The goal with the SoundLink III was to get the speaker to play even louder (without distorting) and also sound a little better in the process. As always, getting there requires the finessing of both the hardware and the software that processes the sound and shapes it in a way that makes your ears think it sounds good (there's a bit of trickery involved, especially with a speaker that has little-to-no stereo separation).

Mission accomplished with the III; though all these small speakers have their limitations and the SoundLink III is no exception. The bass is slightly fuller and the overall sound slightly more detailed. And the speaker performs quite well with a lot of material but not everything.

Side view of the speaker.

Sarah Tew/CNET

Where it does best is with well-recorded, simpler tracks. The midrange is pretty forward so vocals stand out and acoustical tracks sound clean and dynamic (Sting's the Last Ship and The Rolling Stone' Hot Rocks came across well, for example). It sounded good with jazz and some rock material and it handled Nirvana's "All Apologies" as well as some bigger Bluetooth speakers.

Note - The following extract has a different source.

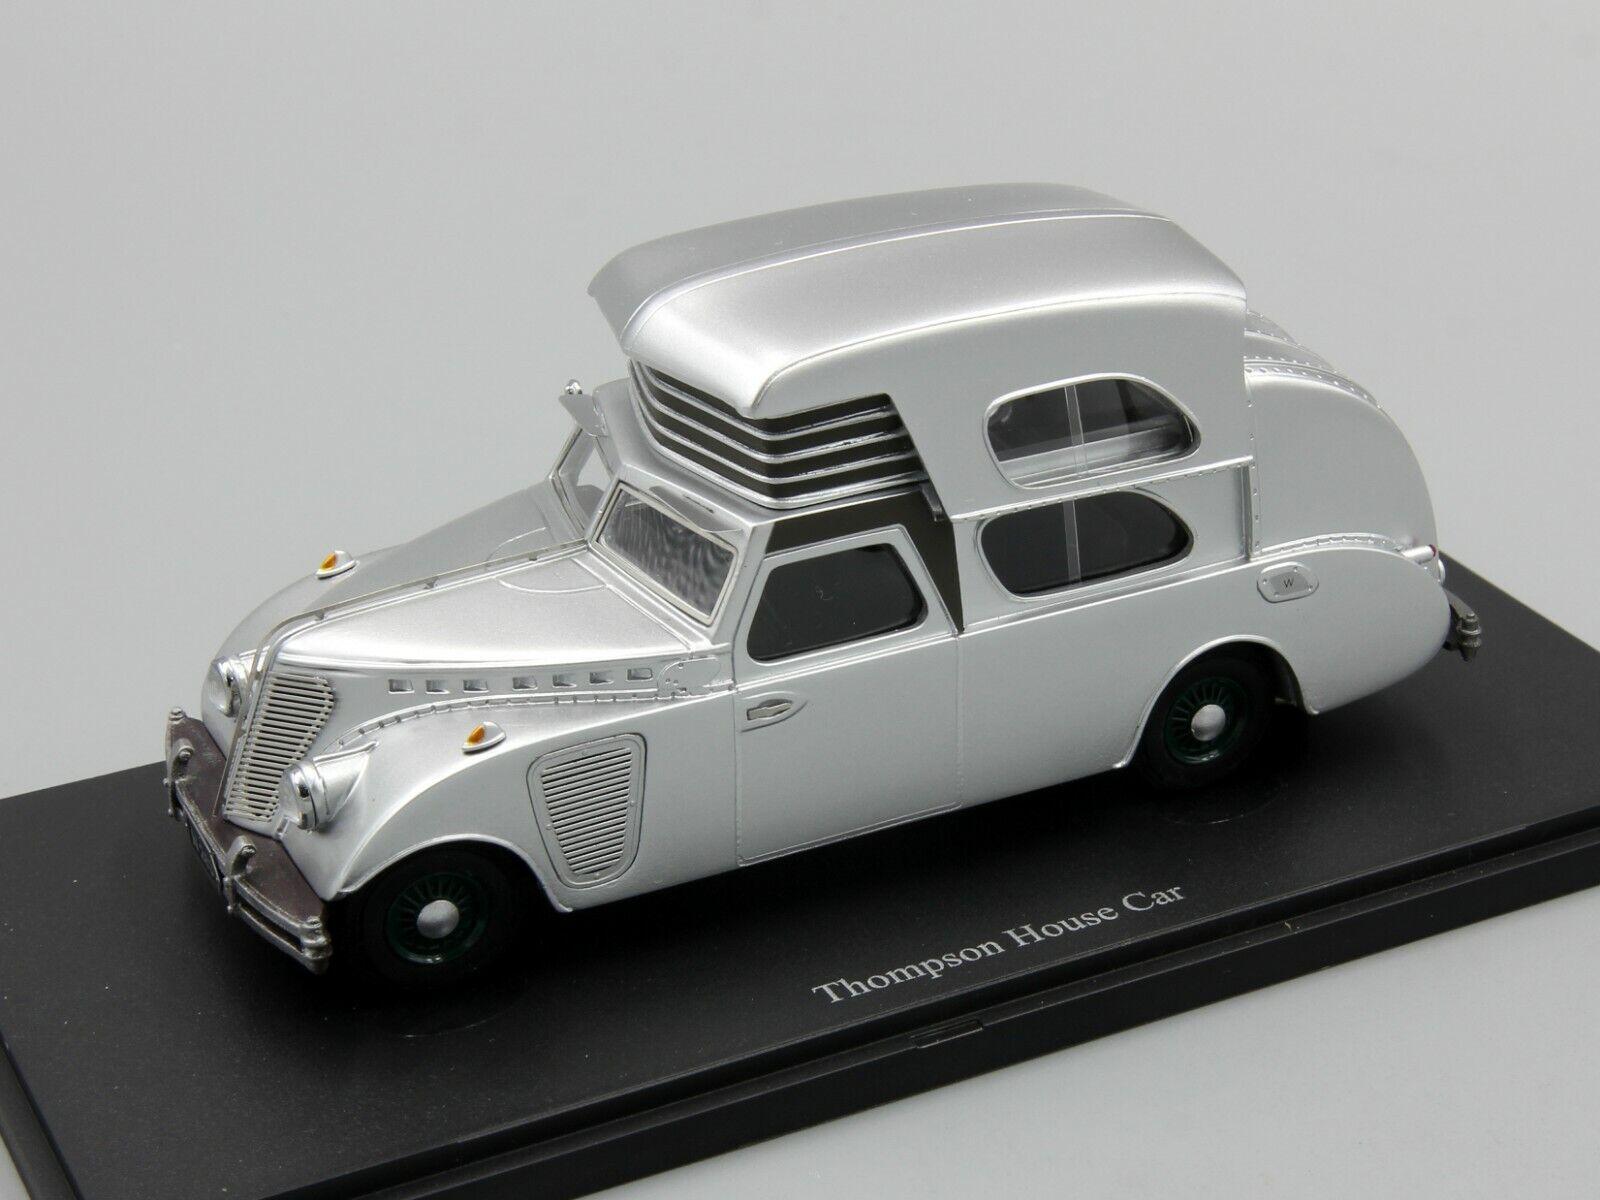 Autocult 1 43 Thompson Casa Coche, argento metálica, USA, 1934

But with complicated material (a lot of instruments playing at the same time), you'll lose some definition (it did OK with Arcade Fire's Reflektor album but it sounds a lot better through a good pair of $300 headphones).

As far as the volume goes, it really does play loud -- it can fill a small- to medium-sized room, though it's a bit directional (stand off to the side and the sound quality diminishes).

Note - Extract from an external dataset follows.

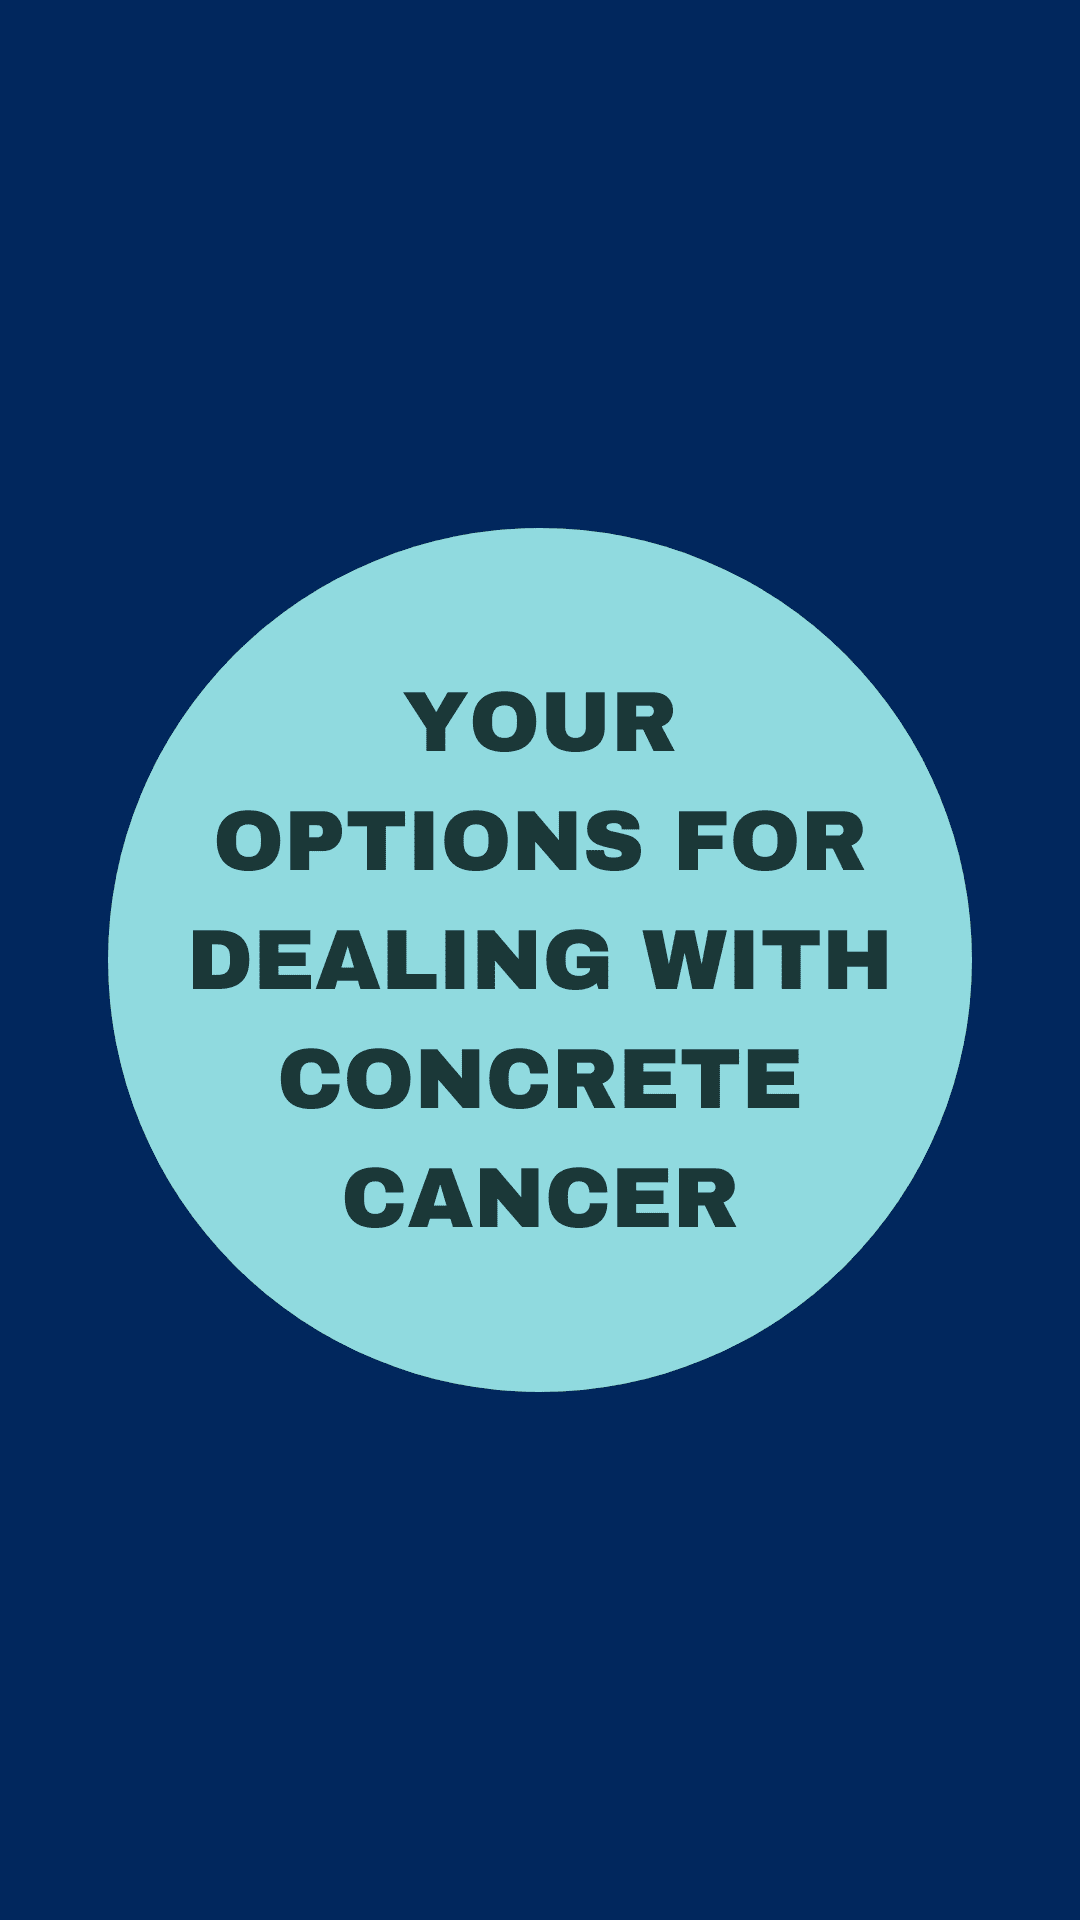 CONCRETE CANCER OPTIONS

It plays louder than its predecessors and doesn't distort at higher volumes, though to steer clear of distortion it rolls off the bass and sounds like it's restraining itself to keep from going off a cliff. Pop tracks like Ellie Goulding's "Burn" sounded pretty punchy and relatively clean. But it was hit or miss with techno tracks. The bass can sometimes seem a little subdued at higher volumes, so just don't expect real thumping bass with a lot of oomph to it. Then again, as I've said before, it's just not fair to expect subwoofer-level performance from a speaker the size of a hardcover book.

The reality is the SoundLink III is designed to play at more modest volume levels (it sounds best when it isn't pushed) and I think it offers a more detail and bass at lower volumes than its predecessors. In other words, it seems to sound a little richer at lower volumes, which is a good thing because that's how a lot of folks end up using this speaker -- as a background music generator.

If you're looking for a better value for quality casual listening, there's plenty of other stuff out there in the $150 range that does a good job (the TDK Life on Record, for example). In the $200 to $300 range, I also like the Sony SRS-BTX500 and Logitech UE Boombox, as well as the aforementioned Big Jambox.

But you'll be hard-pressed to find a Bluetooth speaker that's as compact as the SoundLink III and sounds as good (yes, it produces bigger and better sound than the SoundLink Mini, which performs remarkably well for its size).

The competition in the portable Bluetooth speaker arena is much stiffer these days and the Bose SoundLink Bluetooth Speaker III isn't as big of a standout as it was when the first version launched in 2011. It also isn't as feature-rich as some models. Still, its sound and battery life have improved (the battery life is a bigger jump than the sound), and its build quality remains top notch.

We could sit here and argue which competing models sound as good (or almost as good) for less money. However, at the end of the day, the Bose SoundLink Bluetooth Speaker III is a high-quality product that's an easy speaker to recommend if you can afford it. Audiophiles may not be wowed, but most people will be duly impressed by the quality of the sound it produces for its size.